Biyolojik lifting aşıları içeriğine ve cilt yapısına göre belirlenen noktalara enjekte edilir. Kliniğimizce denenip en fazla verim aldığımız 10 nokta lifting aşımız, yoğun hyaluronik asit jelinden oluşan bir hidrobooster serisidir. Su molekülleri ile kompleks oluşturma yeteneği sayesinde doku hidrasyonunu, elastikiyetini ve sıkılığını arttırmaya yardımcı olur. Dermis katmanlarına derinlemesine nemlendirme sağlayarak cildin dokusunun ve parlaklığının doğal bir şekilde ortaya çıkmasını sağlar. Kolajen ve elastin liflerinin yeniden yapılanma ve şekillenme süreçlerinin doğal olarak uyarılmasına yardımcı olur bu sayede sadece tek seansta ışıltıyı ve yoğun lift etkisini görmüş oluyoruz.
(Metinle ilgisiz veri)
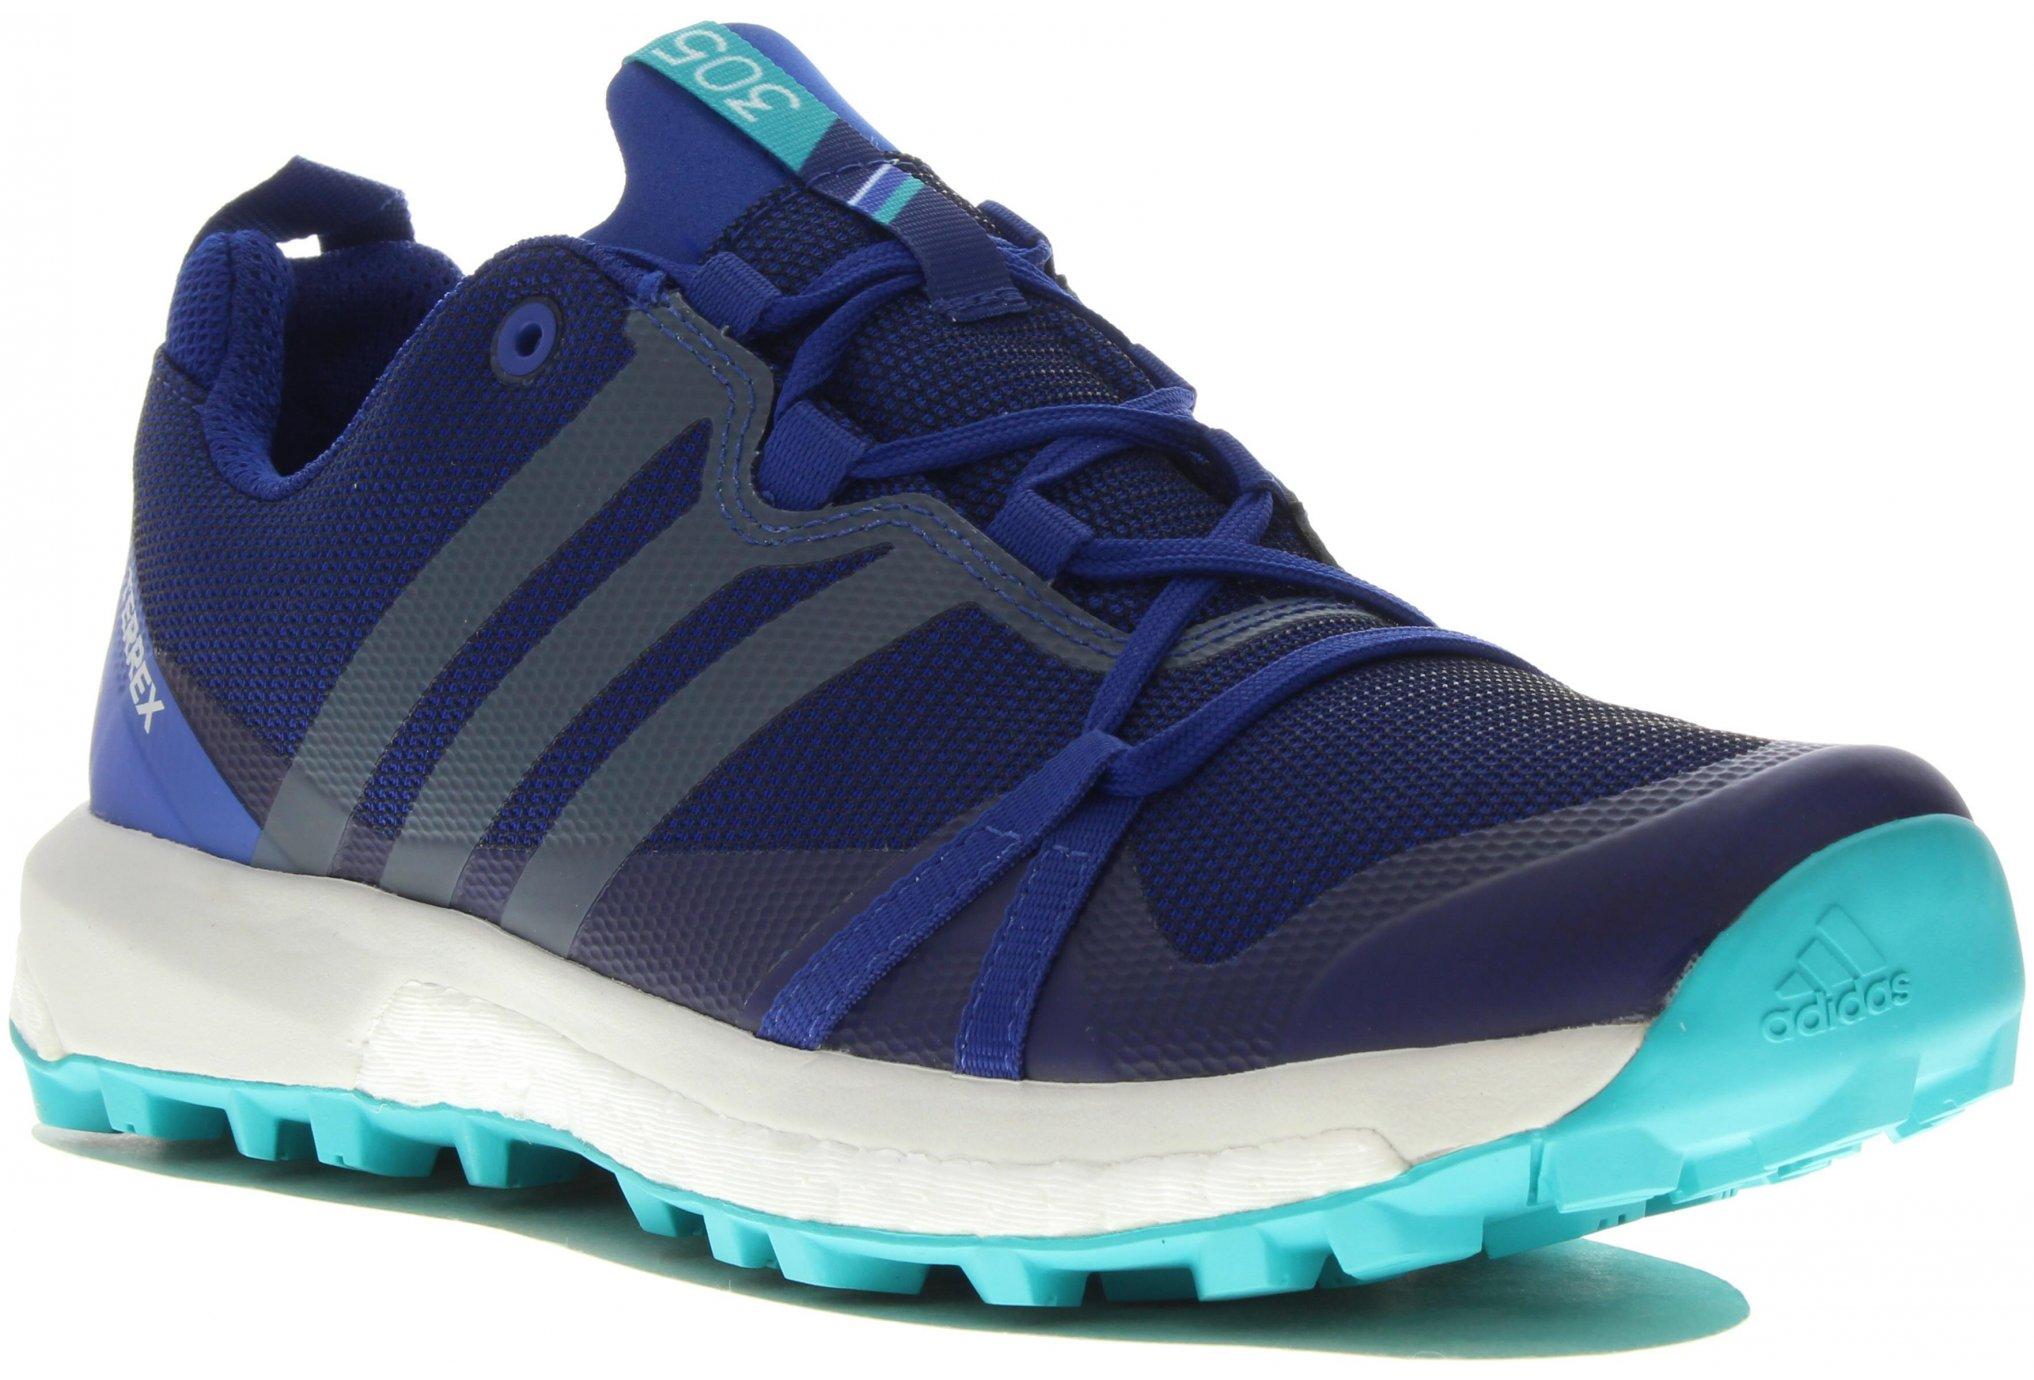 Adidas Terrex agravic gore-Tex w diététique chaussures femme

Biyolojik lifting ne kadar sıklıkla yapılacak bir uygulamadır?
Genel olarak hastanın cilt durumuna göre bir veya iki seanslık bir işlem olarak belirlenir. Seanslar 15 gün arayla planlanır. Bu 15 günlük sürecin sonunda uygulamanın yapılan alanda etkisi fark edilmiş olur. 10-12 ay arasında işlem etkisi devam etmektedir. Yılda bir defa tekrarlanması önerilir.
Biyolojik lifting hangi bölgelere yapılabilir?
Uygulama yaygın olarak yüz bölgesine yapılsa da boyun bölgesindeki kırışıklık ve yaşlanma belirtilerinin azalmasında, dekolte bölgesindeki sarkma ve elastin kayıplarında ve el üstü yaşlanma ve kuruluk tedavilerinde de rahatlıkla kullanılıp güzel sonuçlar vermektedir.